These deficits are conventionally attributed to limitations in LLM planning and reasoning. Even dedicated computer-use models [3] have focused primarily on improving reasoning capabilities, yet the agent-human gap persists. We propose an alternative hypothesis: the primary bottleneck resides not in the reasoning layer but in the perception tools that connect the agent to its visual environment. A desktop agent that requires 30 milliseconds to capture a screen region, 20 seconds to extract text via OCR, and 10 seconds to determine the state of a UI control is fundamentally constrained regardless of the quality of its downstream reasoning.
This paper reports eight concrete, measured improvements to the perception layer of a production Windows desktop agent.
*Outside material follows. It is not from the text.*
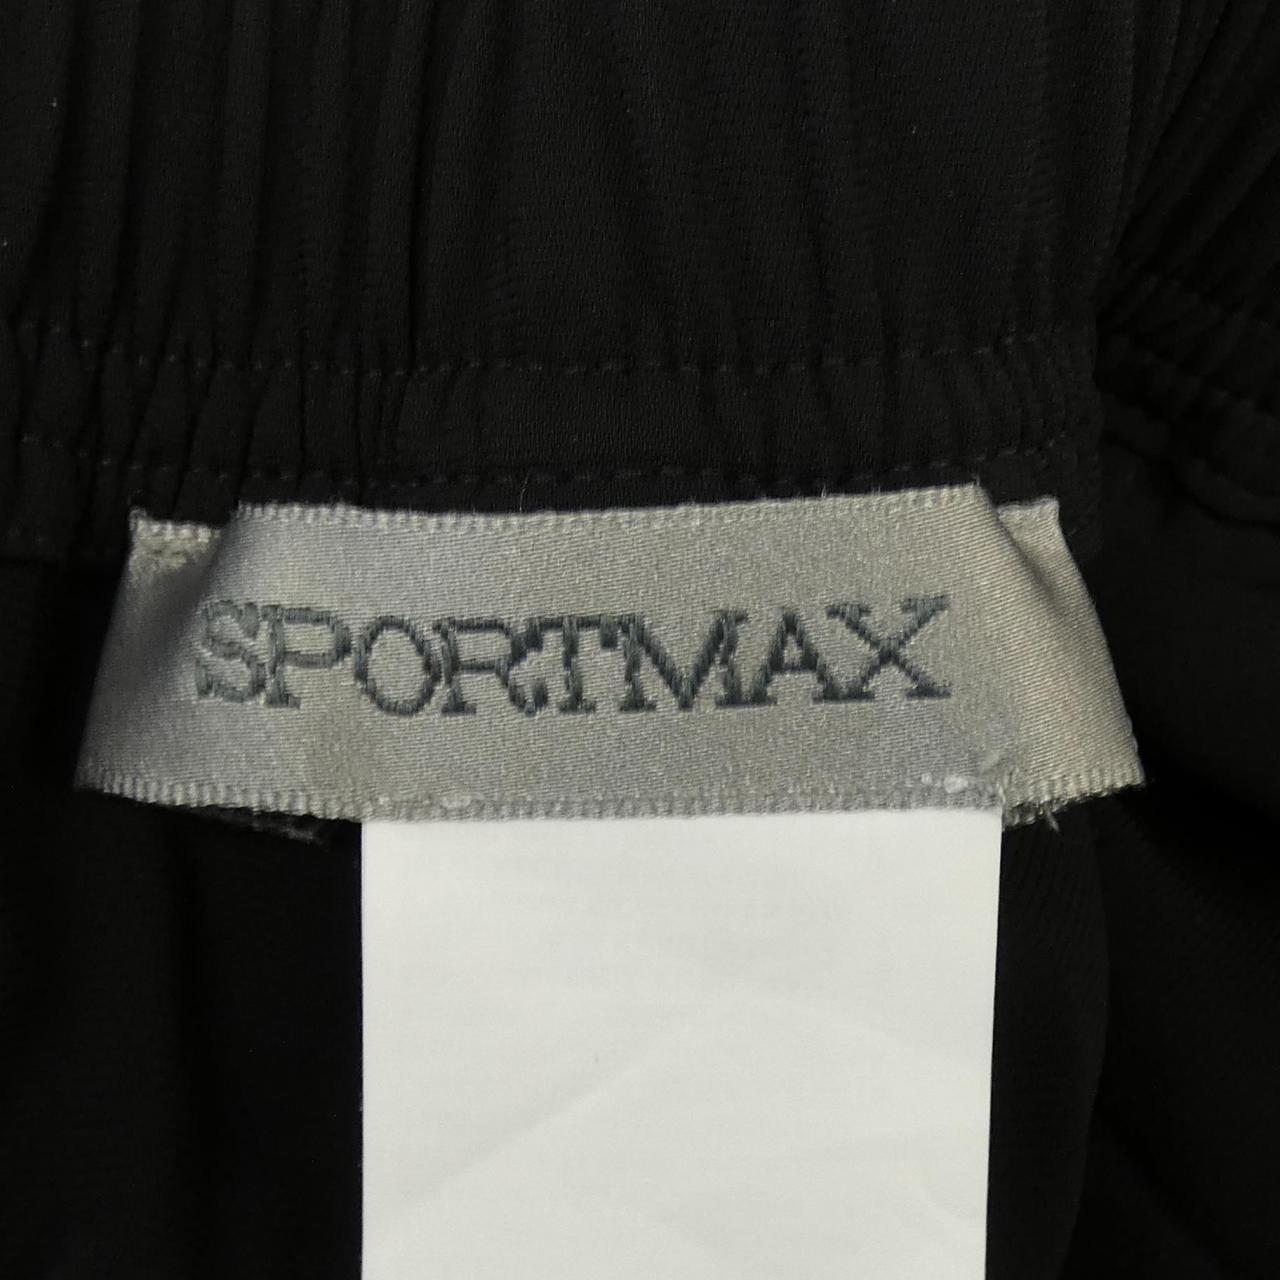 スポーツマックス SPORT MAX パンツ付属情報について

Each improvement was benchmarked under controlled conditions with a minimum of n=100 iterations for timing-critical measurements and n=5 iterations for computationally expensive operations (OCR), and every result was independently reproduced by a separate evaluation agent.
Our contributions are as follows:
- A rigorous benchmarking methodology employing independent cross-validation agents with statistical reporting including confidence intervals, sample sizes, and effect sizes
- Eight perception improvements spanning capture, structural automation, window monitoring, token compression, OCR optimization, perception fusion, semantic browser automation, and Set-of-Mark visual grounding
- An end-to-end pipeline decomposition identifying OCR as the dominant bottleneck at approximately 84-90% of total execution time
- A novel eight-layer semantic browser automation architecture (ScreenMemory) achieving zero-pixel navigation
- Evidence that tool-level improvements may be more impactful than model-level advances for closing the agent-human performance gap
Implementation: The perception stack comprises several key modules:
– Screen capture:core/capture.py—DXGICapturewith platform-native screen capture via GDI BitBlt (mss library), achieving 5–22 ms per frame depending on region size
– OCR engine:core/ocr.py— 3-tier OCR (RapidOCR > PaddleOCR > Tesseract)
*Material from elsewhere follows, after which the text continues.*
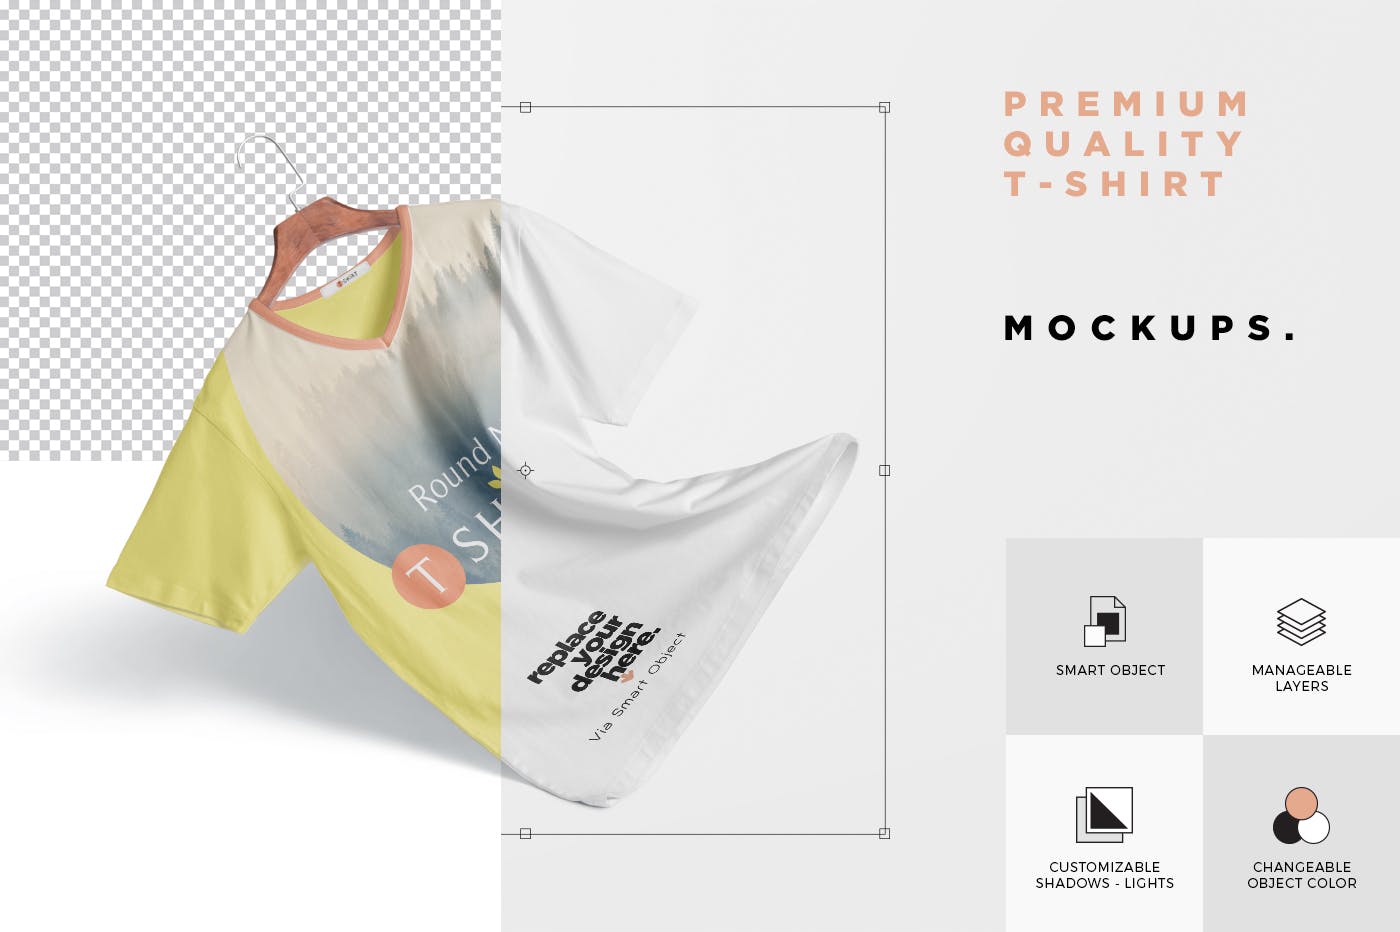 高品质T恤印花设计多角度预览效果图样机 Premium Quality T-shirt Mockup Scenes插图(4)

– UI Automation:tools/uia_engine.py— COM-based UIA scanner, 7x faster than PowerShell
– Change detection:core/change_detector.py
– Visual analysis:core/analyzer.py
– Embeddings:core/embedder.py
2. Related Work
Visual GUI grounding — the task of mapping natural-language references to specific UI elements — has been advanced by SeeClick [4], which demonstrated that click-target prediction accuracy improves markedly when models receive explicit spatial annotations. CogAgent [5] extended this line of work by training a dedicated visual agent on high-resolution screenshots. AppAgent [6] explored autonomous smartphone operation through a learn-then-execute paradigm. Complementary work on mobile UI understanding includes automatic screen summarization via multimodal learning [7] and focused vision-language models for element identification [8].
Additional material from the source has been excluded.